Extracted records
═══

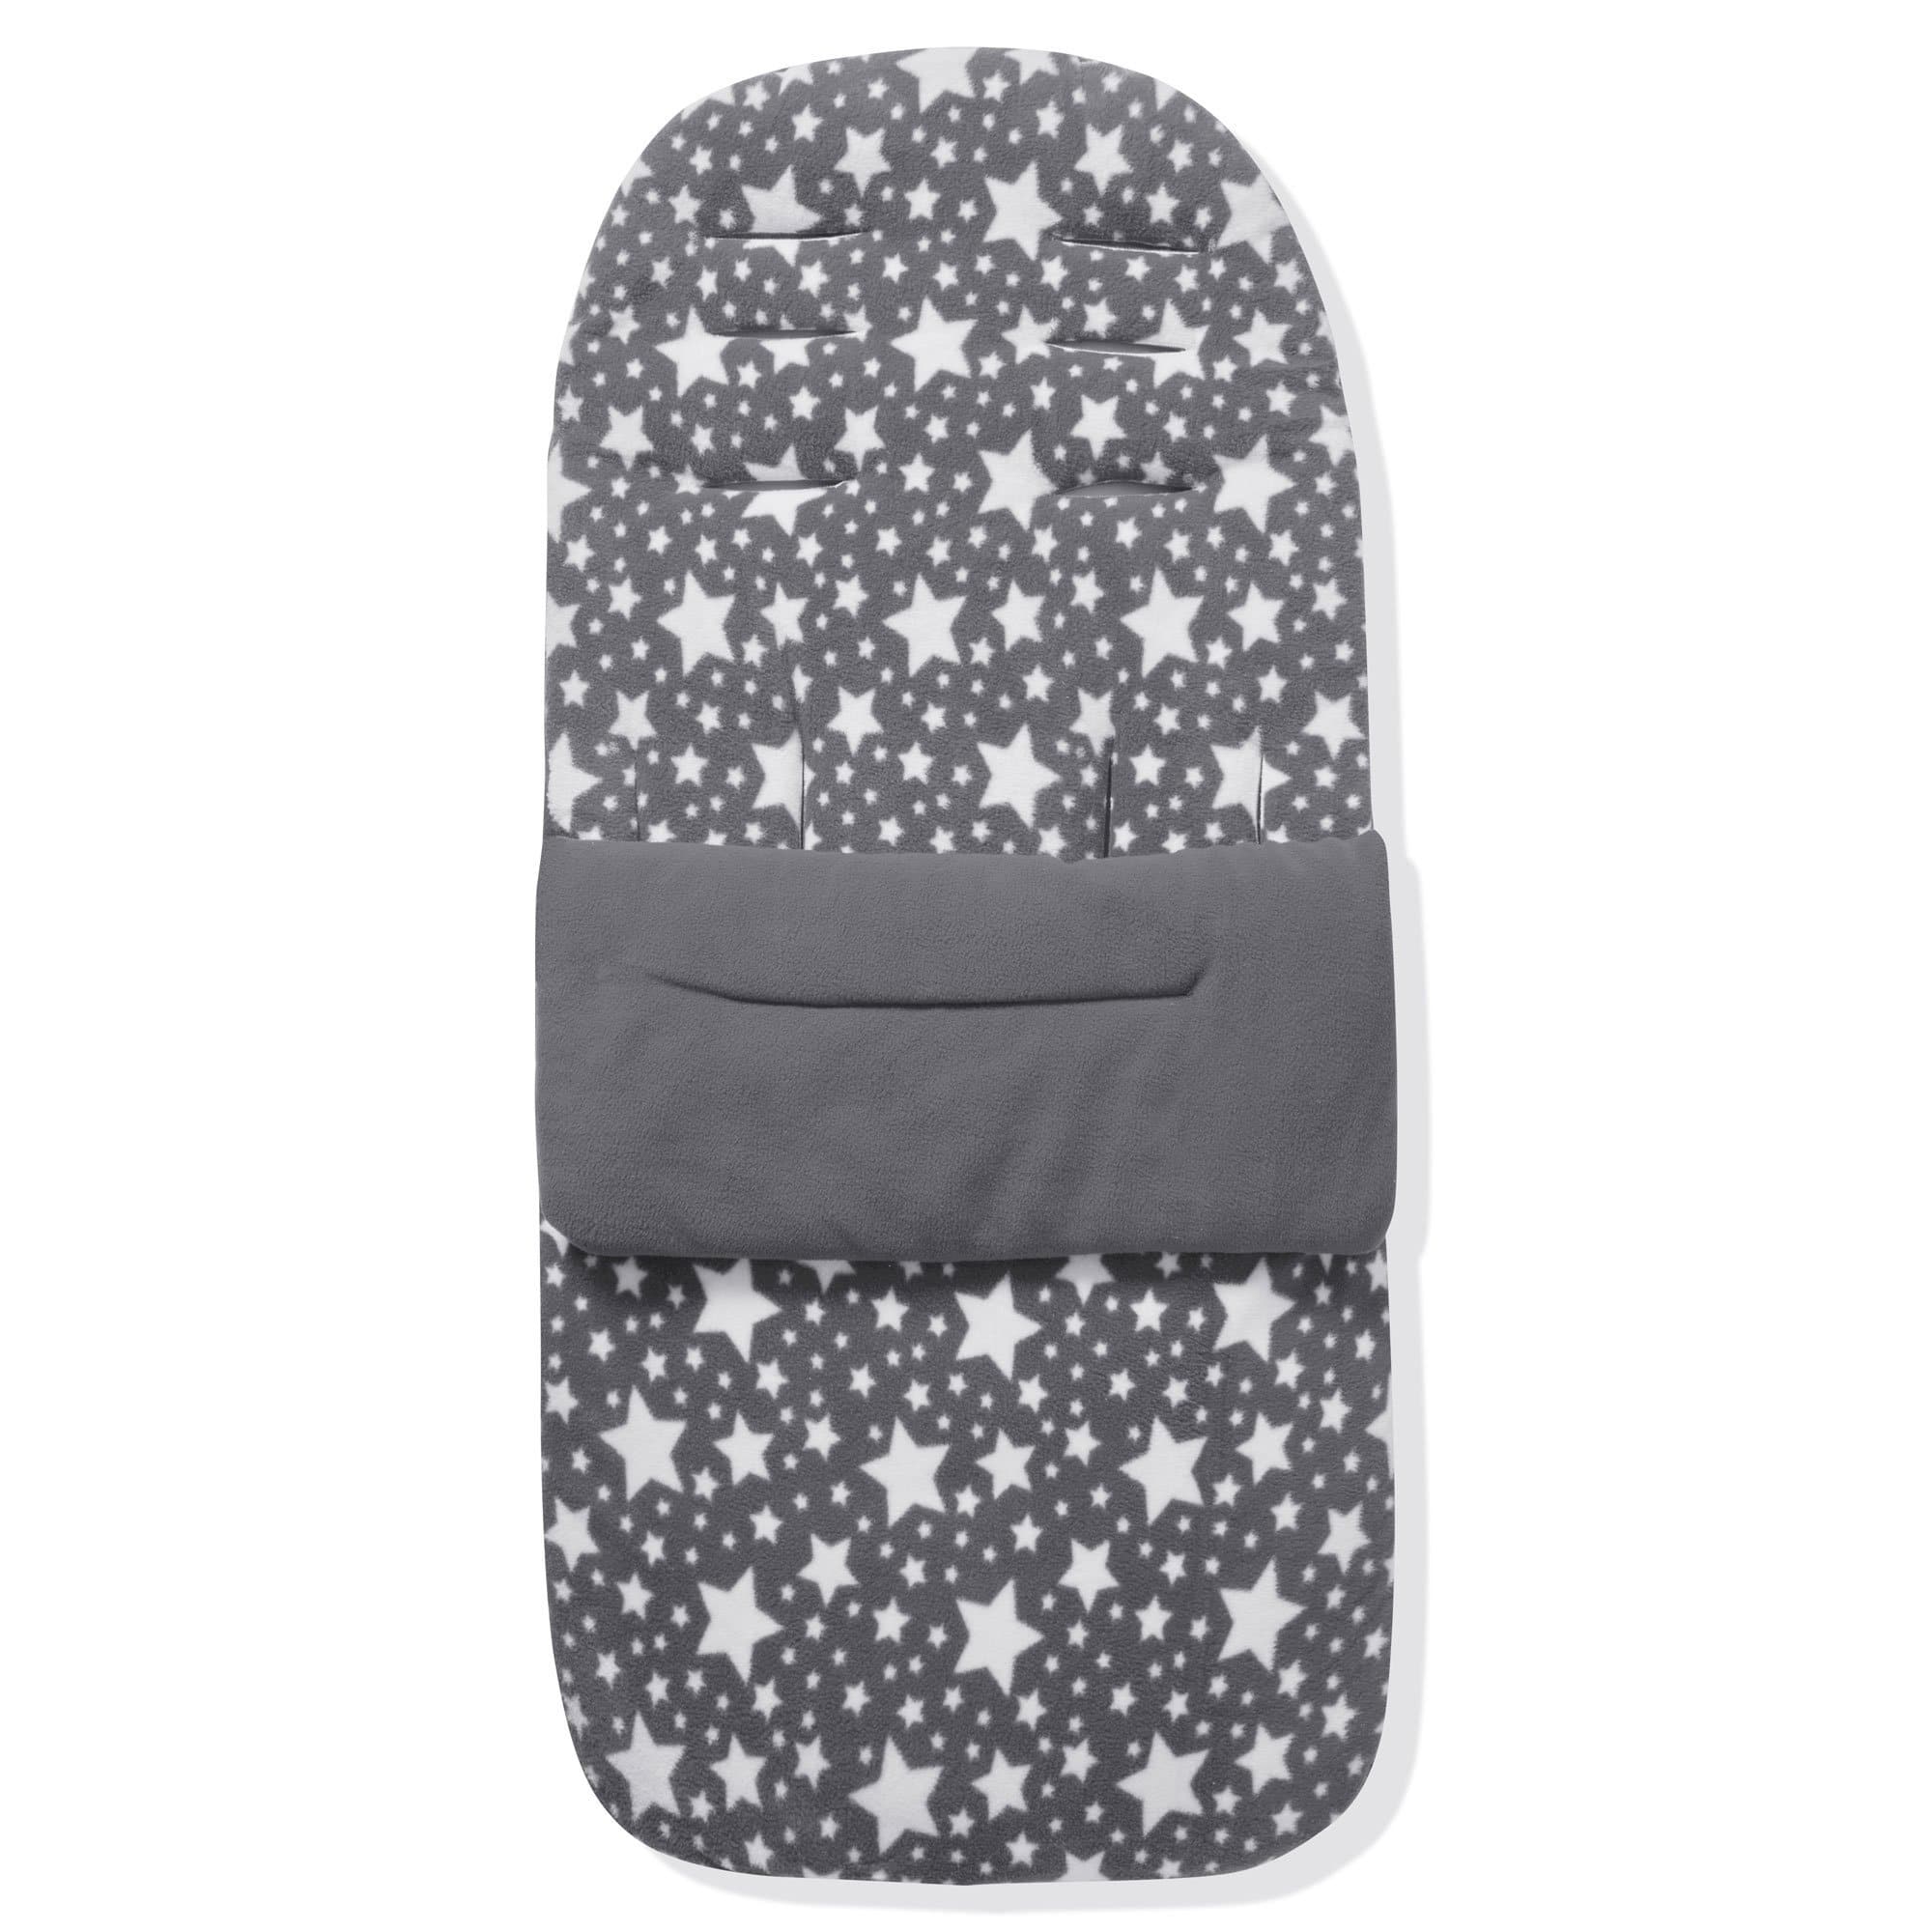 Fleece Footmuff / Cosy Toes Compatible with Kiddicare - Grey Star / Fits All Models | For Your Little One
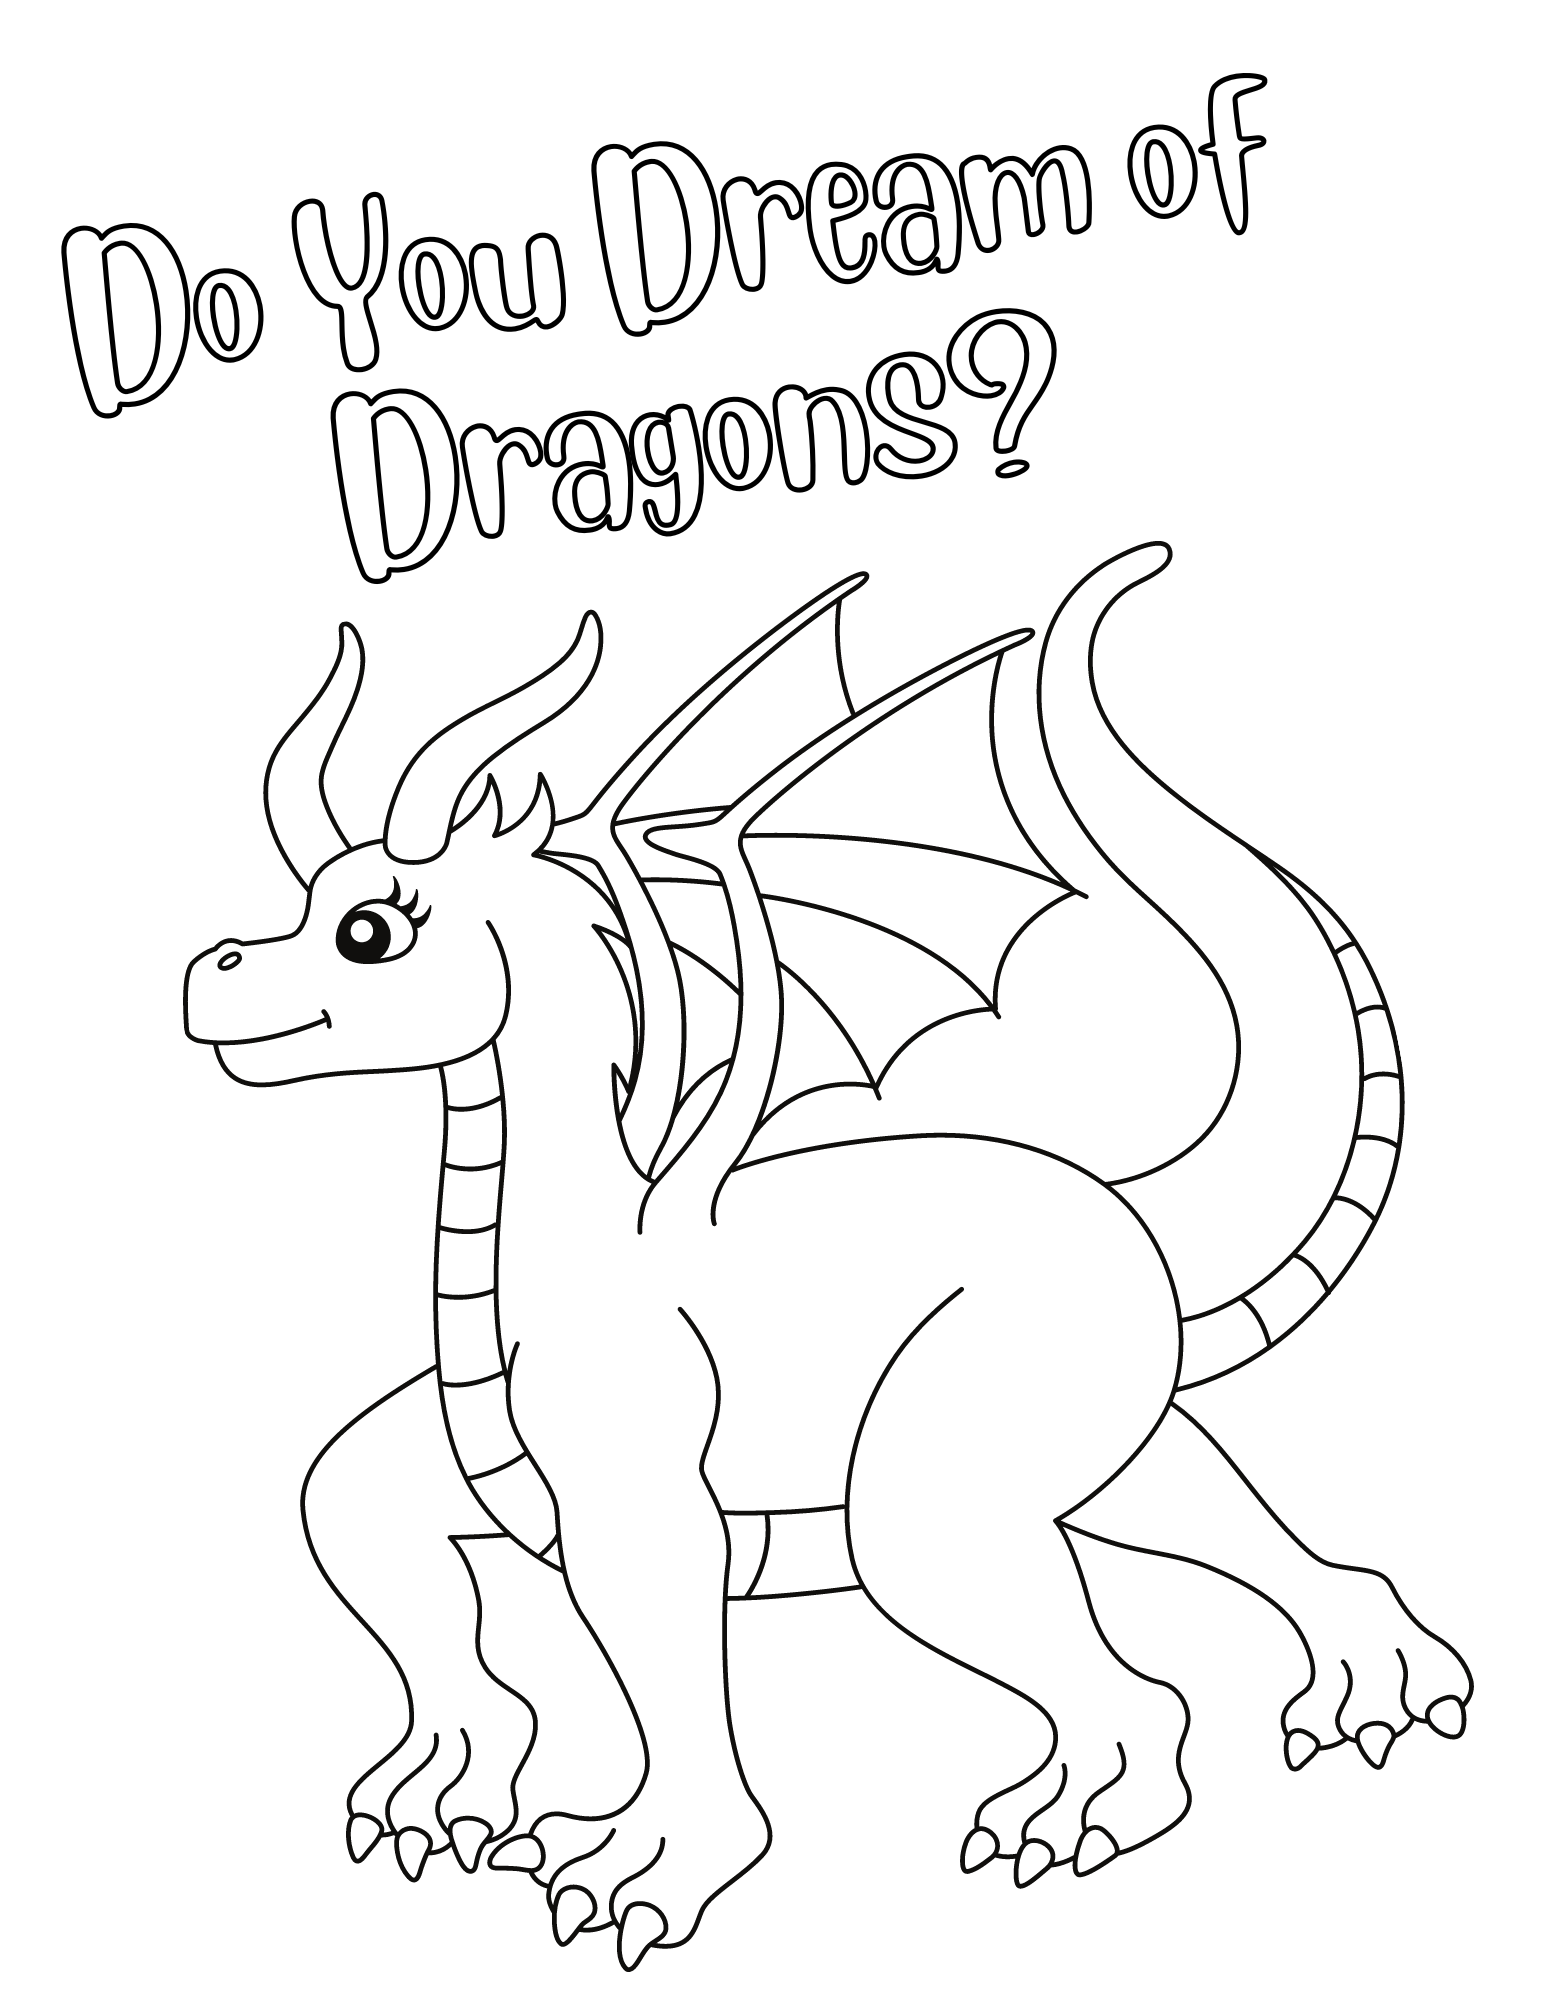 5 Cute Dragon Coloring Pages
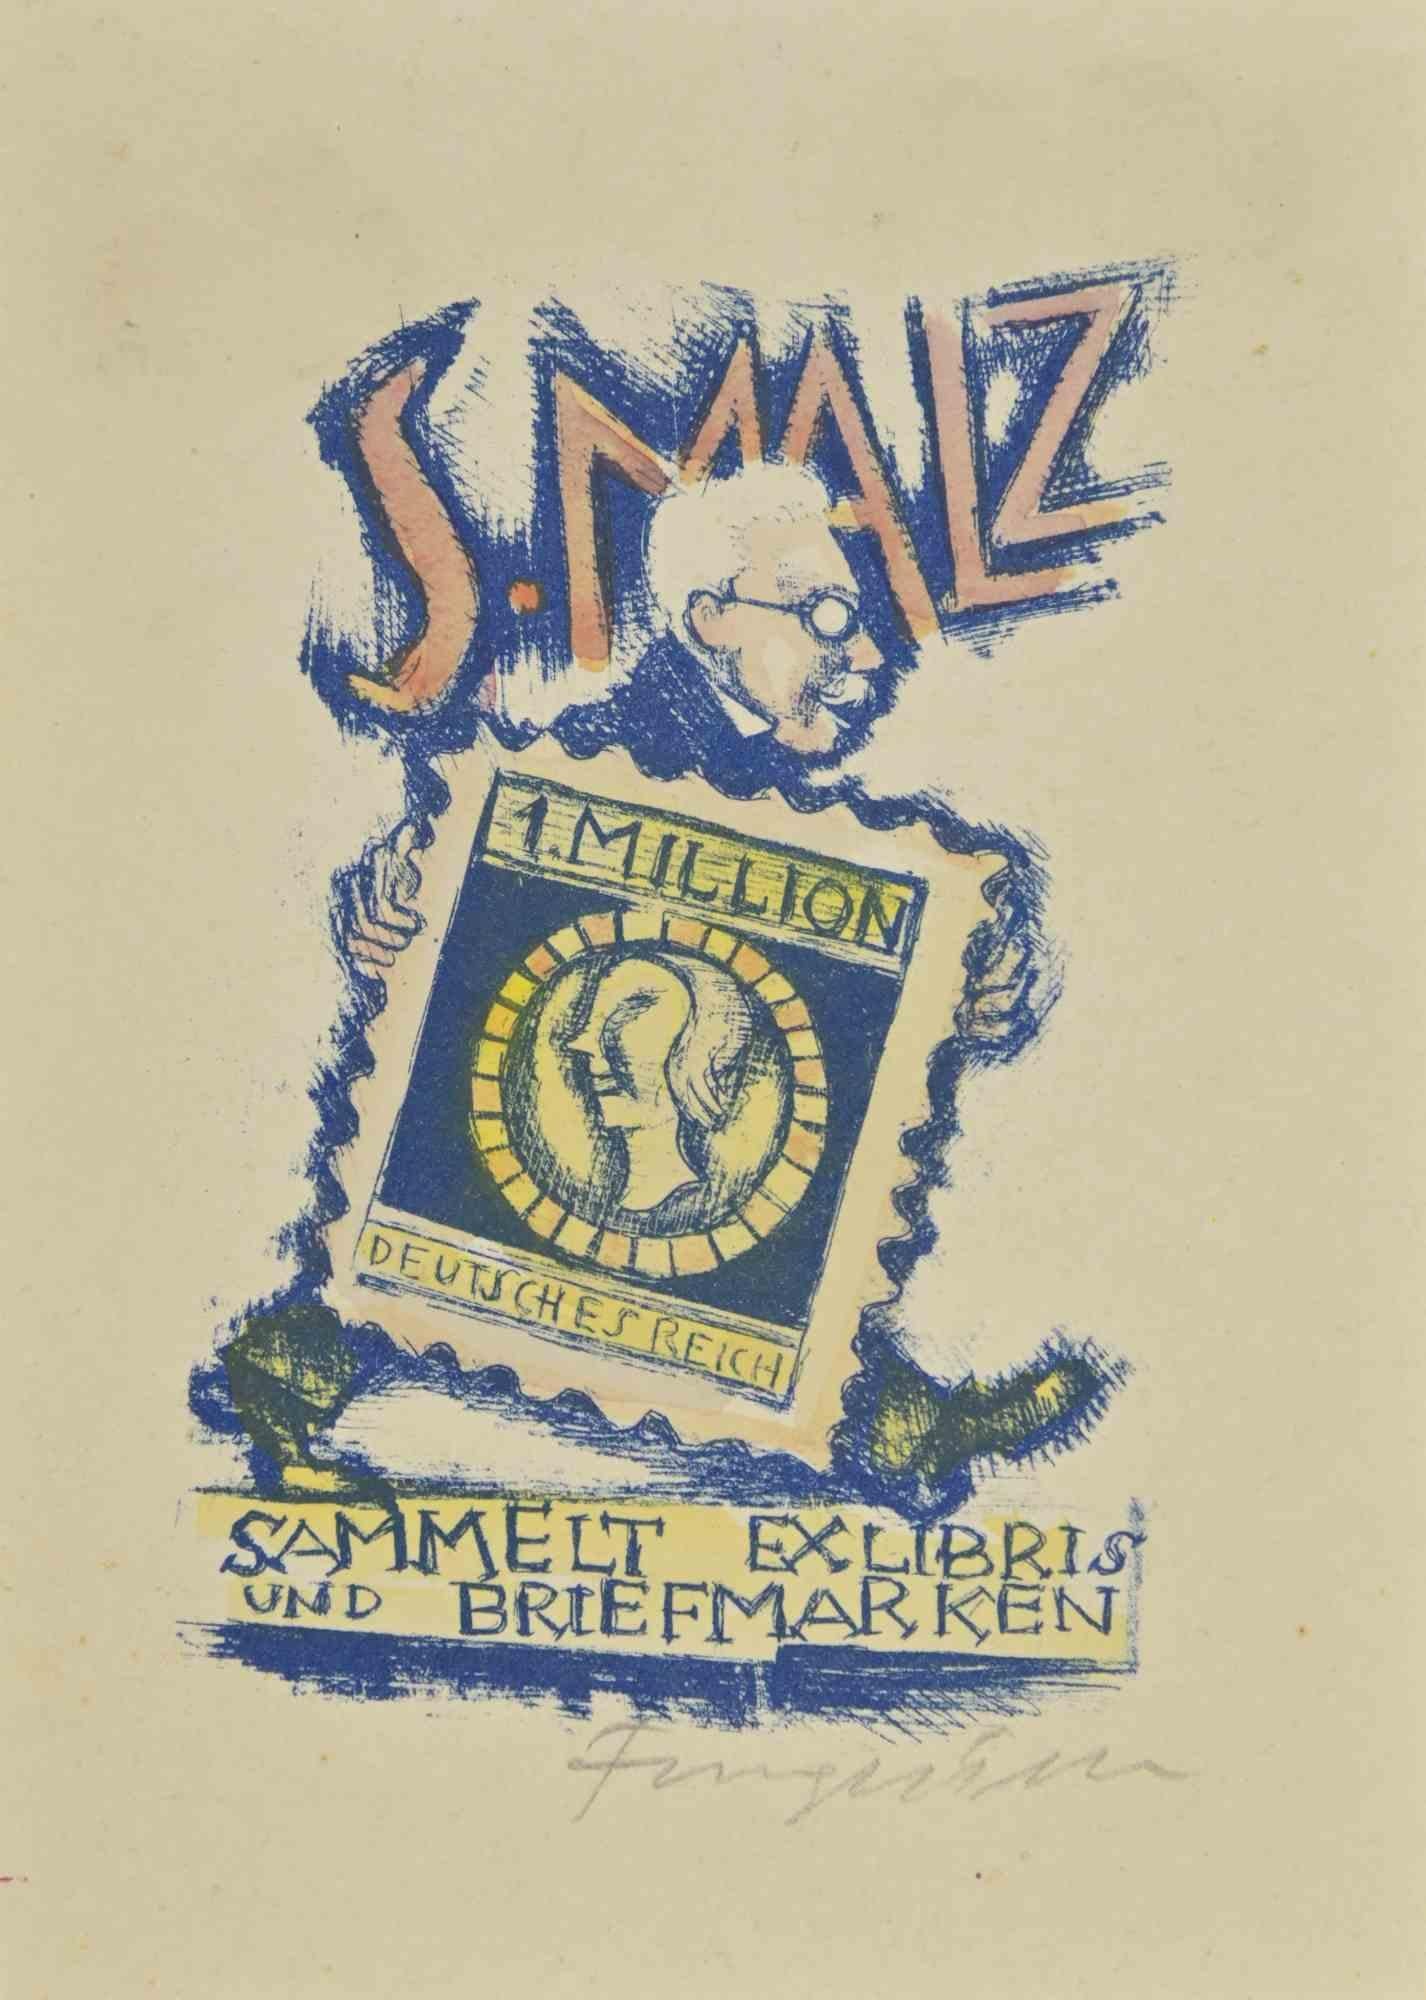 Ex Libris -Sammelt und Briefmarken is a  woodcut print created by Michel Fingesten.

Hand signed on the lower margin.

Good conditions.

Michel Fingesten (1884 - 1943) was a Czech painter and engraver of Jewish origin. He is considered one of the

═══

> Instructions to follow: Transcribe each of the records above precisely, with no pictures in the copy.

> Solution to the exercise:
 Fleece Footmuff / Cosy Toes Compatible with Kiddicare - Grey Star / Fits All Models | For Your Little One
 5 Cute Dragon Coloring Pages
 Ex Libris -Sammelt und Briefmarken is a  woodcut print created by Michel Fingesten.

Hand signed on the lower margin.

Good conditions.

Michel Fingesten (1884 - 1943) was a Czech painter and engraver of Jewish origin. He is considered one of the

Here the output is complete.